Practical significance: for $\varepsilon = 0.1$ time is $O(n + m^{10})$. For $n = 1000$, $m = 5$: $5^{10} \approx 10^7$—seconds! For $\varepsilon = 0.01$: $5^{100} \approx 10^{70}$—unrealistic. No FPTAS for $P||C_{max}$ (APX-hard).

Idea of PTAS on the Knapsack Example

The PTAS for knapsack is based on rounding and dynamic programming:

1. Round the values $c_i' = \left\lfloor c_i \cdot K / c_{max} \right\rfloor$ with suitable $K = \varepsilon \cdot c_{max}/n$
2. Solve the rounded problem via DP by value (not by weight): $O(n^2\cdot K) = O(n^3/\varepsilon)$
3. Guarantee: $ALG \geq (1-\varepsilon) \cdot OPT$

This is FPTAS—polynomial in both $n$ and $1/\varepsilon$.

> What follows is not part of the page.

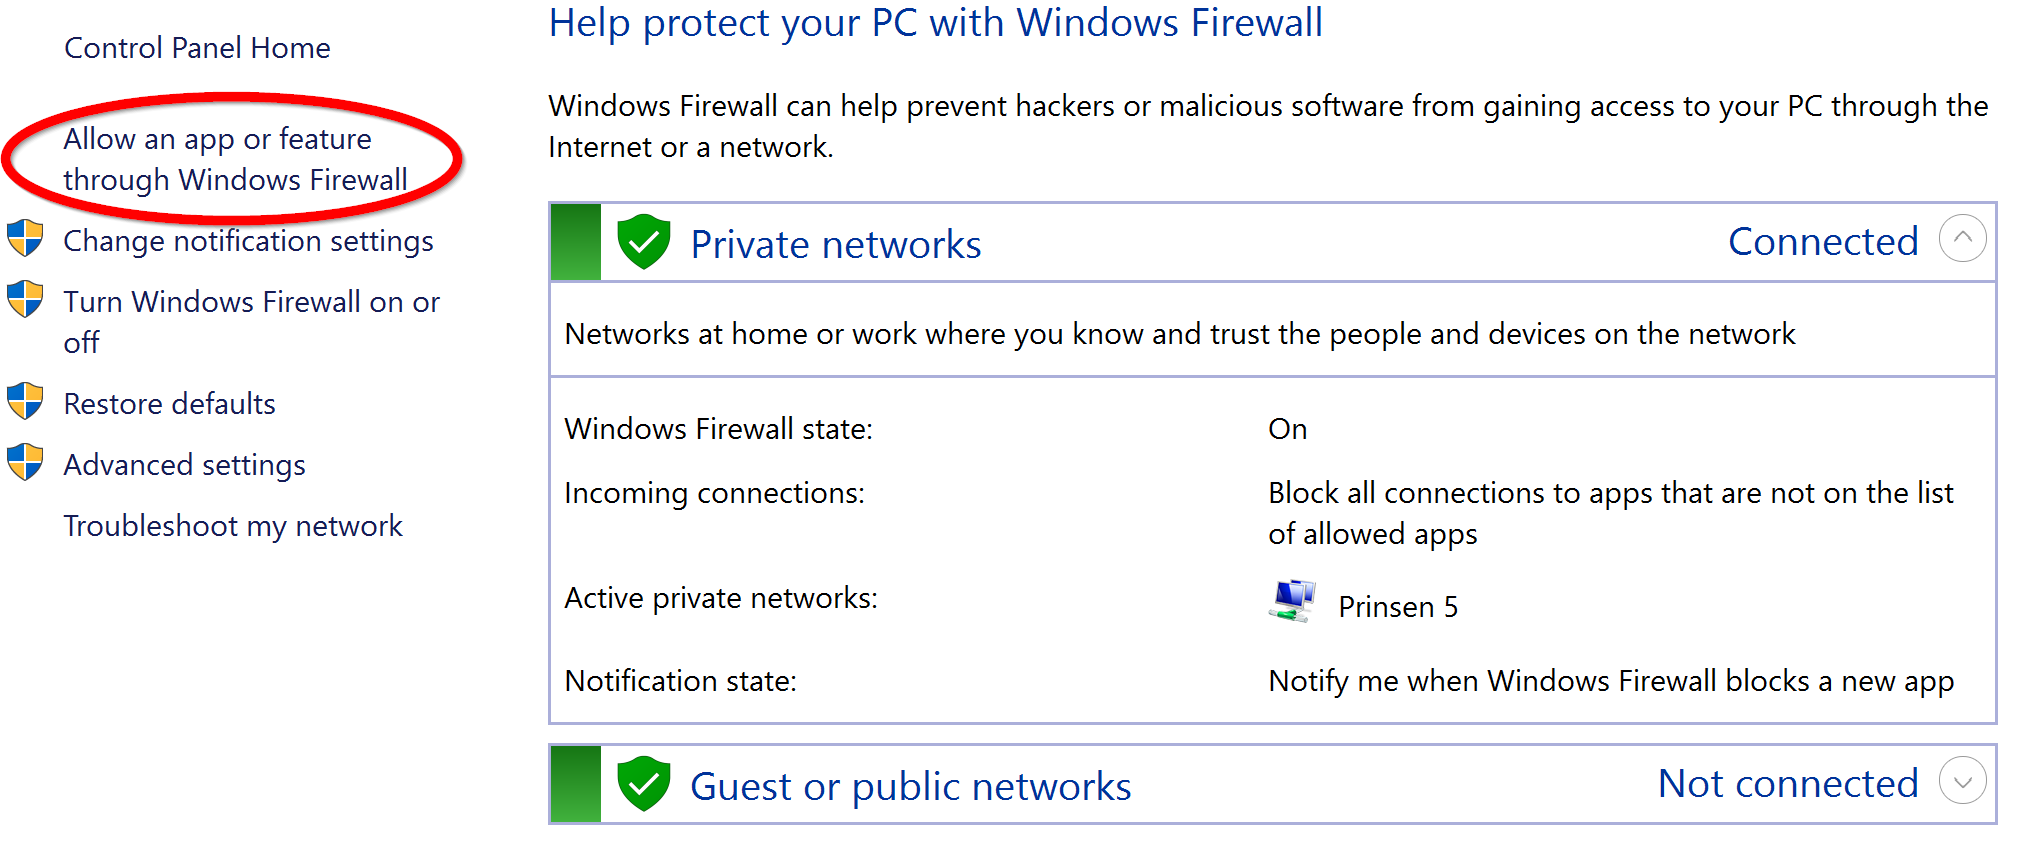 Screenshot of the Windows Firewall Control panel in Windows 8 and 10

Metric TSP and Christofides' Algorithm

Christofides’ Algorithm (1976) for metric TSP gives a 1.5-approximation:

1. Build a minimum spanning tree $T$ (MST)
2. Find a minimum perfect matching $M$ on vertices of odd degree in $T$
3. Join $T \cup M$ into an Eulerian cycle
4. Shortcut to a Hamiltonian cycle, skipping repeated vertices

For 40 years, this was the best-known guarantee. In 2020, Karlin-Klein-Garcia-Garbulovich improved it to $1.5 - 10^{-36}$—tiny, but epochal.

Impossibility for General TSP

For non-metric TSP (without triangle inequality) no constant-factor approximation exists if $P \neq NP$. Proof: even the recognition problem “is there a Hamiltonian cycle” is NP-complete, and any $\rho$-approximation algorithm would solve it.

Applications

PTAS is used in network design ($k$-MST, Steiner tree), project scheduling (job shop scheduling), packing (Bin Packing—APTAS by Karagiannis), geometric problems (Euclidean TSP—PTAS by Arora).